Again, I was in this for the sex, and in this regard she did not disappoint.
This is already a given.
In my case, even before we met she was fucking other men. I'm not that newb/naive who will believe she not doing it.
We have this line we do not cross about not discussing who we are having sex with. She is so secretive about it, I don't know why. I keep pressing the idea that is OK for her to tell me how the sex went and she would look at me with that Dagger Eyes, saying "I am not a whore."
But if I so much as mention that I might be going out with someone else, she freaks on me. She gets totally jealous and pissed.
It is all a mystery to me too.
My ex stripper gf has not been returning my texts since I refused to pay her car insurance. She is stupid.
You said, watch out for the drama. Yes, women often use drama to manipulate. It is not just strippers.

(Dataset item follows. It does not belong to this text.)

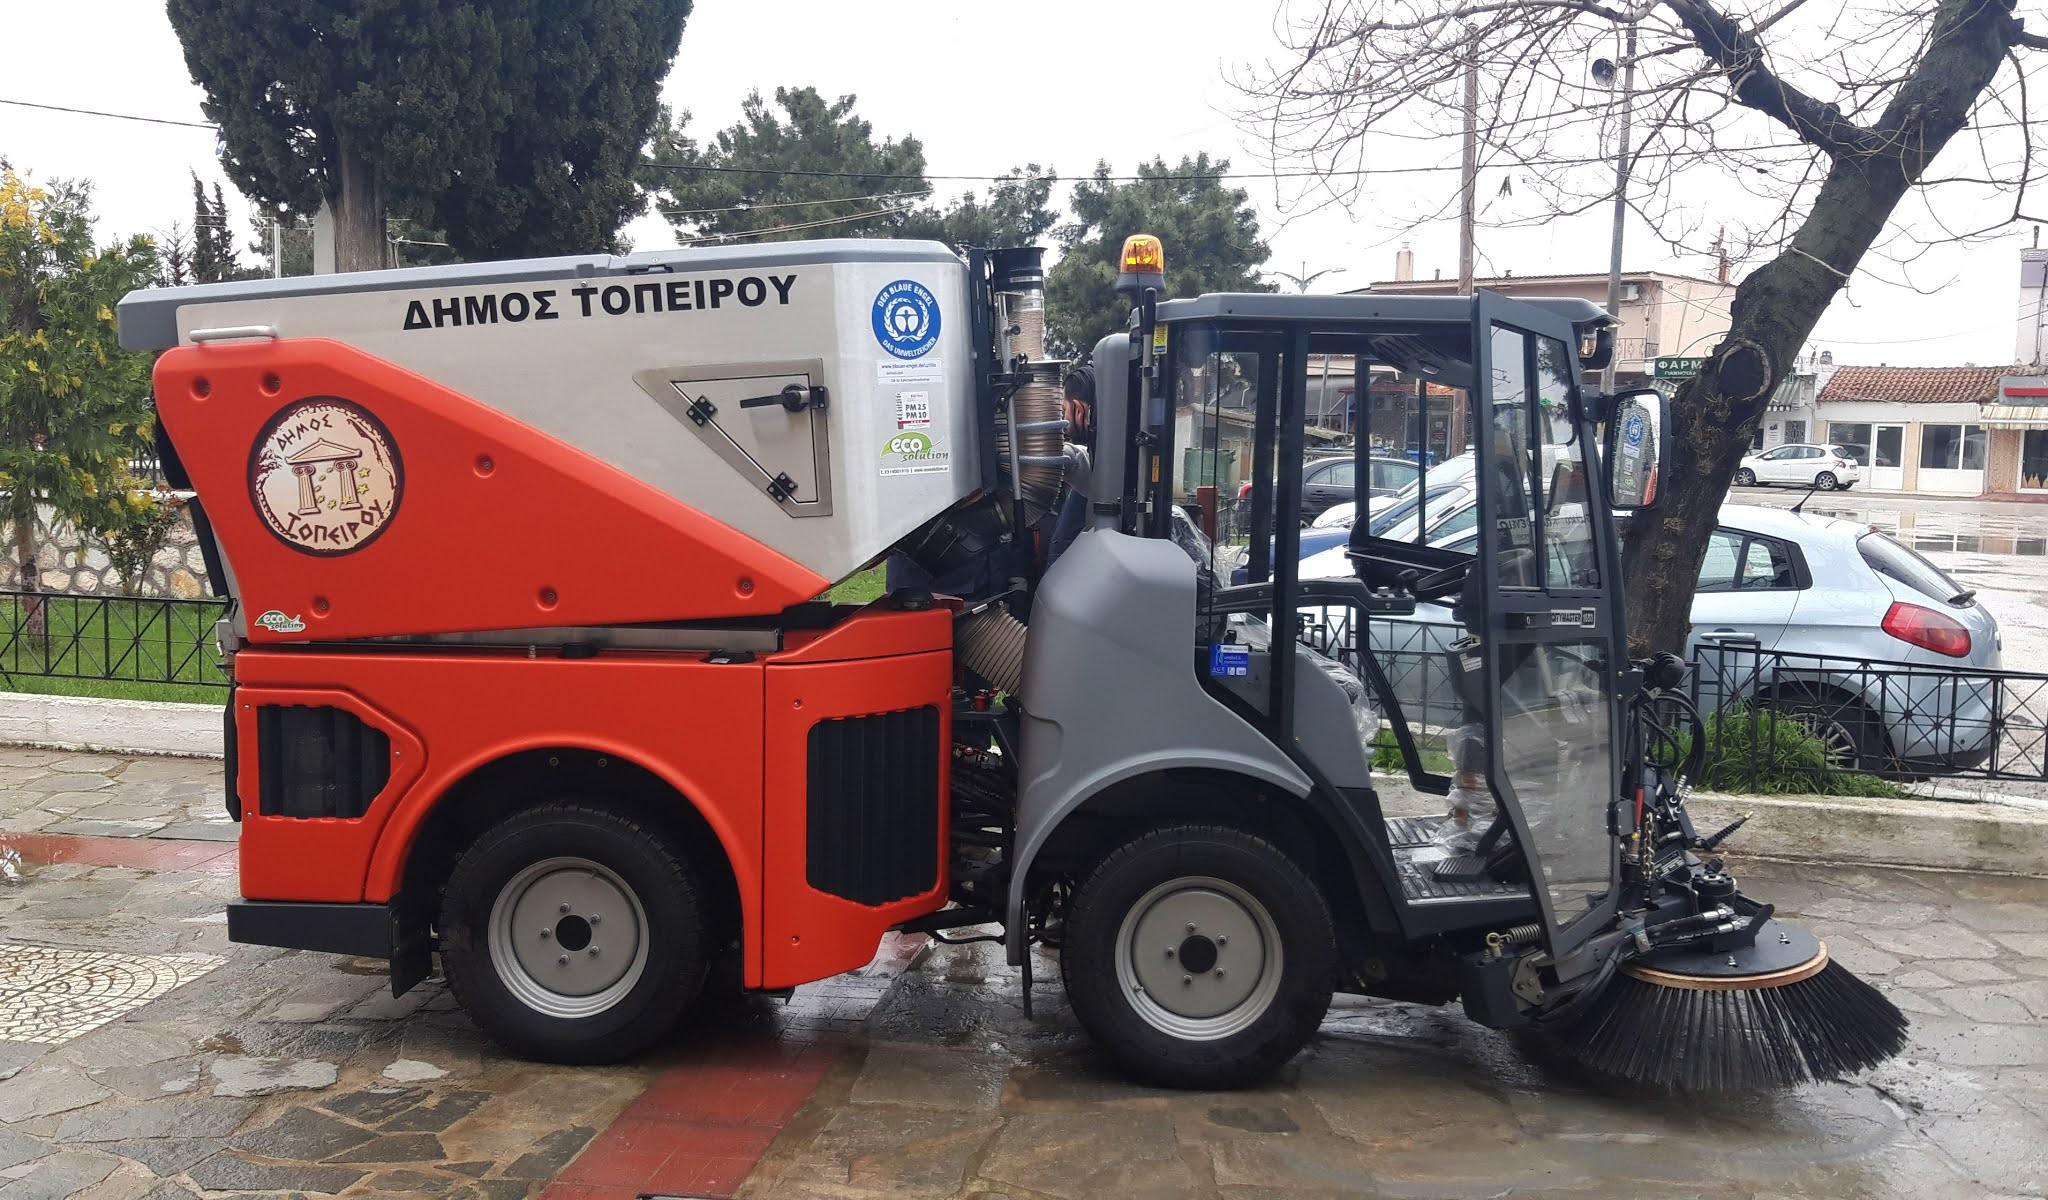 Σύγχρονο αναρροφητικό σάρωθρο απέκτησε ο Δήμος Τοπείρου
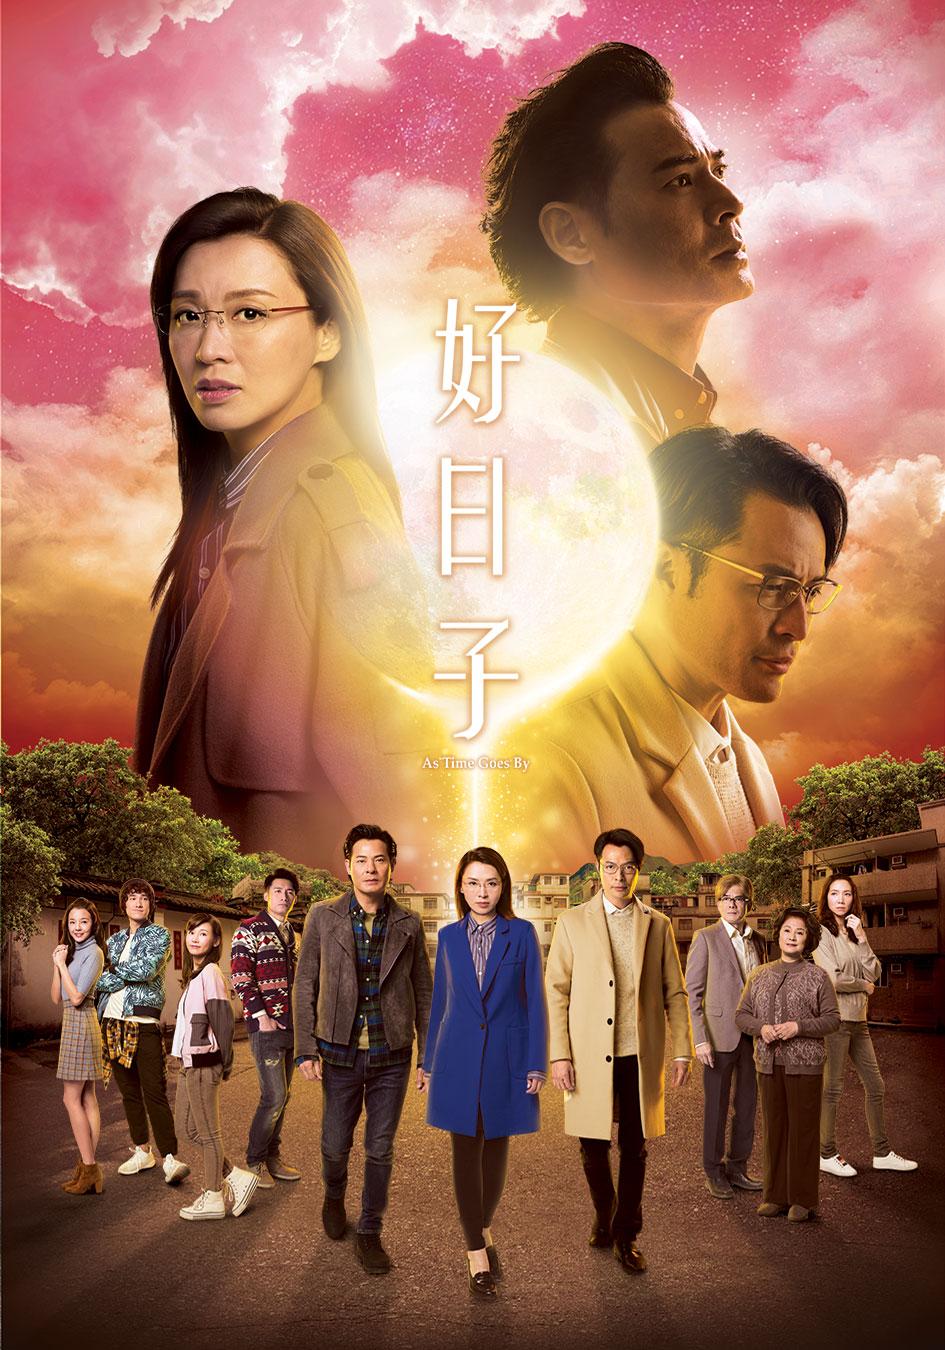 Phim ngày tốt lành Hong Kong

Yes, if you are telling them that you care about them, then you should be concerned for their well being and what troubles they might get into. But all too often they are staging situations, in order to make you extend yourself and to make yourself more committed to them.
This is how I did exactly what I though I would never do, get married. And my wife was nothing like a stripper. She was a conservative living girl. But she latched on to me, because I encouraged it, but also because she found by trial and error that she could manipulate me with emotional terrorism. Of course, when it really got ugly, was immediately after we were married, and not one second before.